「安心しろ、追っ手は来ない。痛むところはないか?」
低く柔らかな声がした。ひどく聞き覚えがある。
「すみません。まさか、捕まるとは思わなくて」
「王の別邸に忍び込んだそうだな。あまり危険な真似はするなよ。そういうのは俺の仕事なんだ」
ほの暗いランプに照らされた横顔は、ハーランツさんだ。スッと通った鼻筋と整った顔立ち、青い瞳は間違いない。
なぜ、彼がここに?
石の柱に身を隠し、様子をうかがう。
牢の格子越しに少年と話している姿はいつもの柔和な彼ではなかった。敬語を取り払い、凛々しくも危険なオーラをまとっている。

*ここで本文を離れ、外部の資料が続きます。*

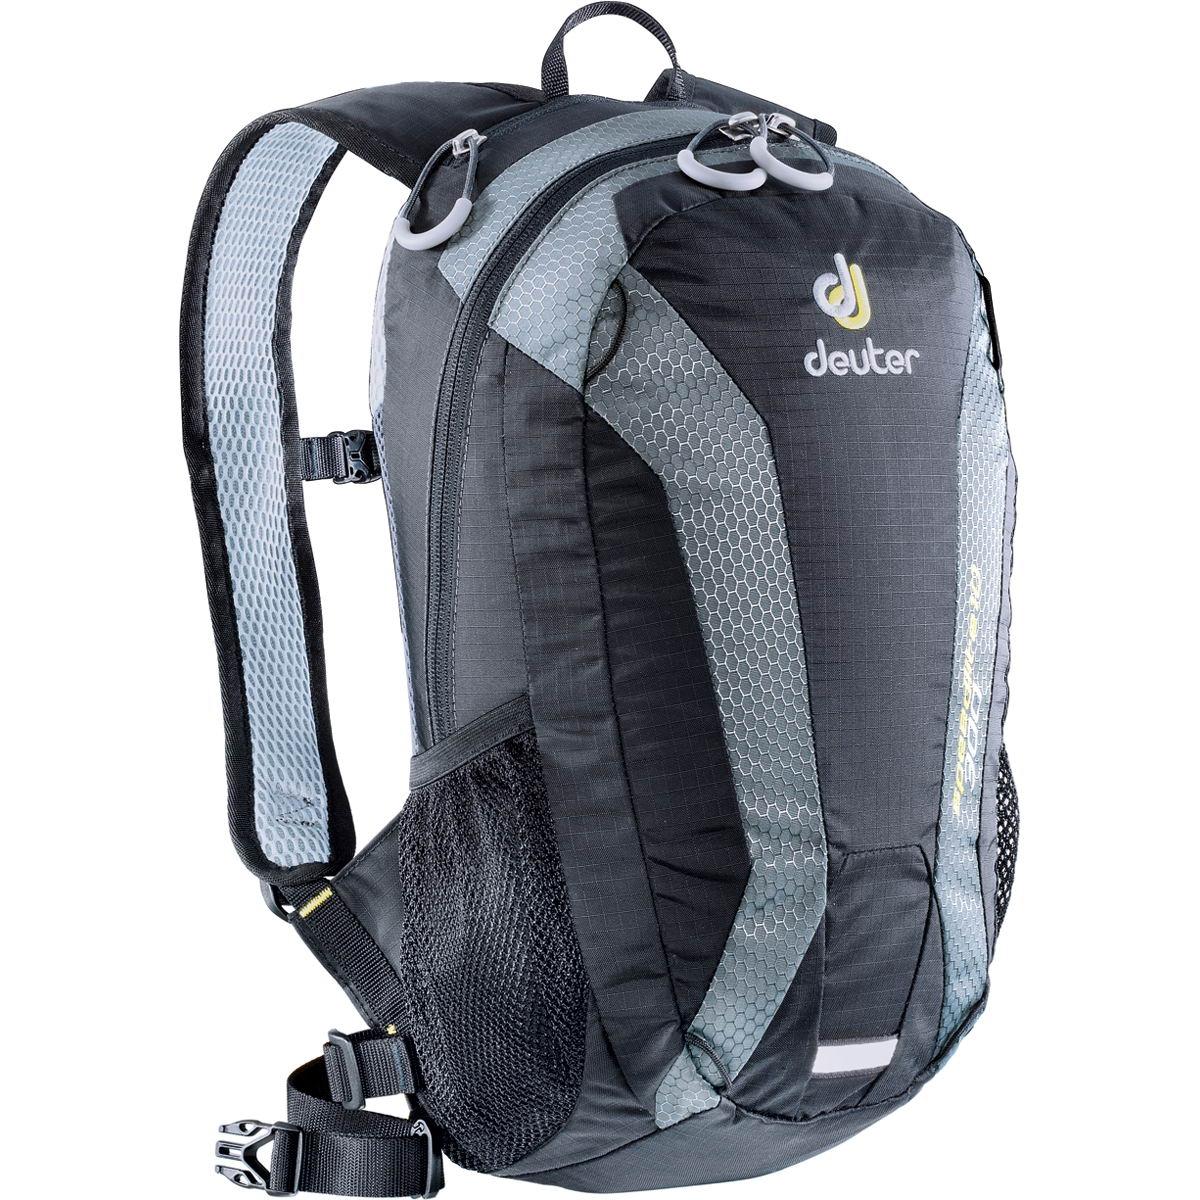 Horolezecký batoh DEUTER Speed Lite 10 2016 černo-šedá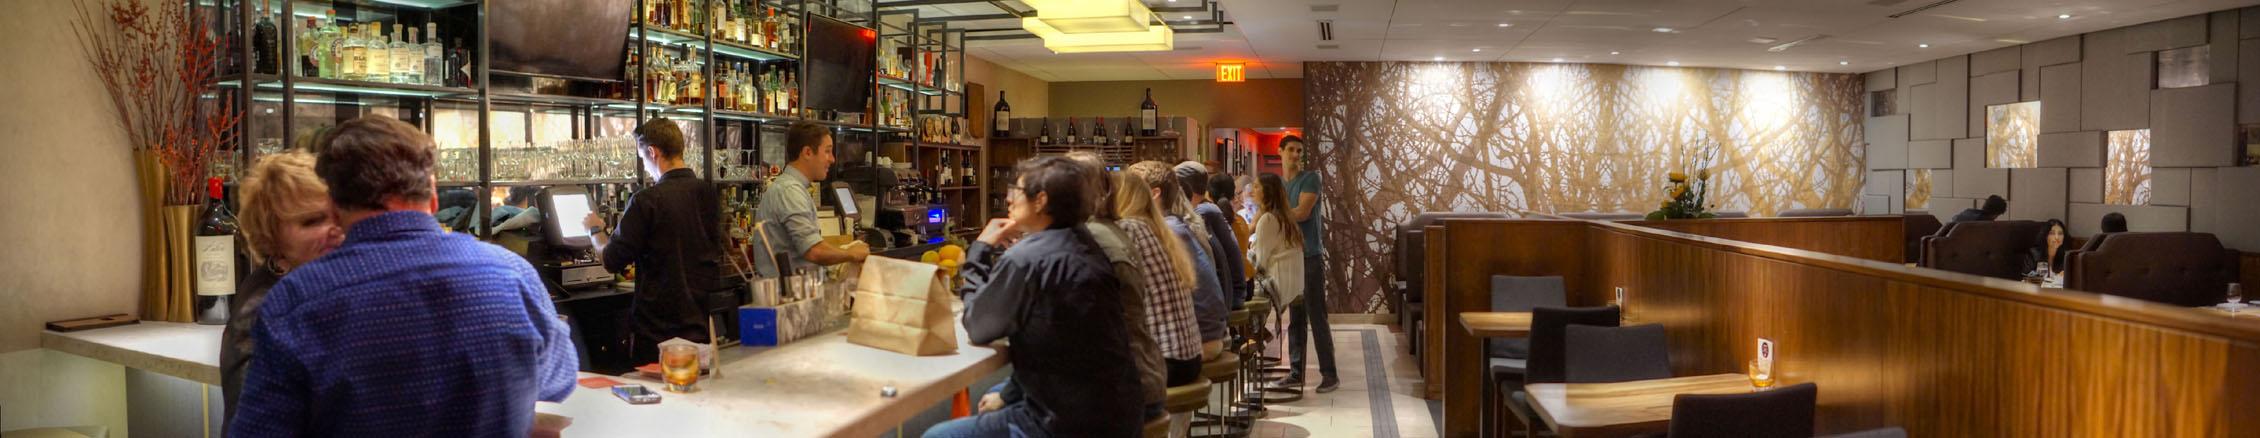 Chianina Steakhouse Interior

「裏庭に上がれば、城下町に通じている。この時間は郊外への列車もないから、都市の外れに馬車を手配した。お前はそれに乗って帰りなさい」
「そんな。ハーランツ様にご迷惑はかけられません」
「大丈夫だ。俺が直々に処刑したことにしておく。見張りは外で伸びているからな」
ドクンドクンと心臓が脈打つ。
ハーランツさんはあの少年と知り合いだったんだ。逃がすために手助けをしたの?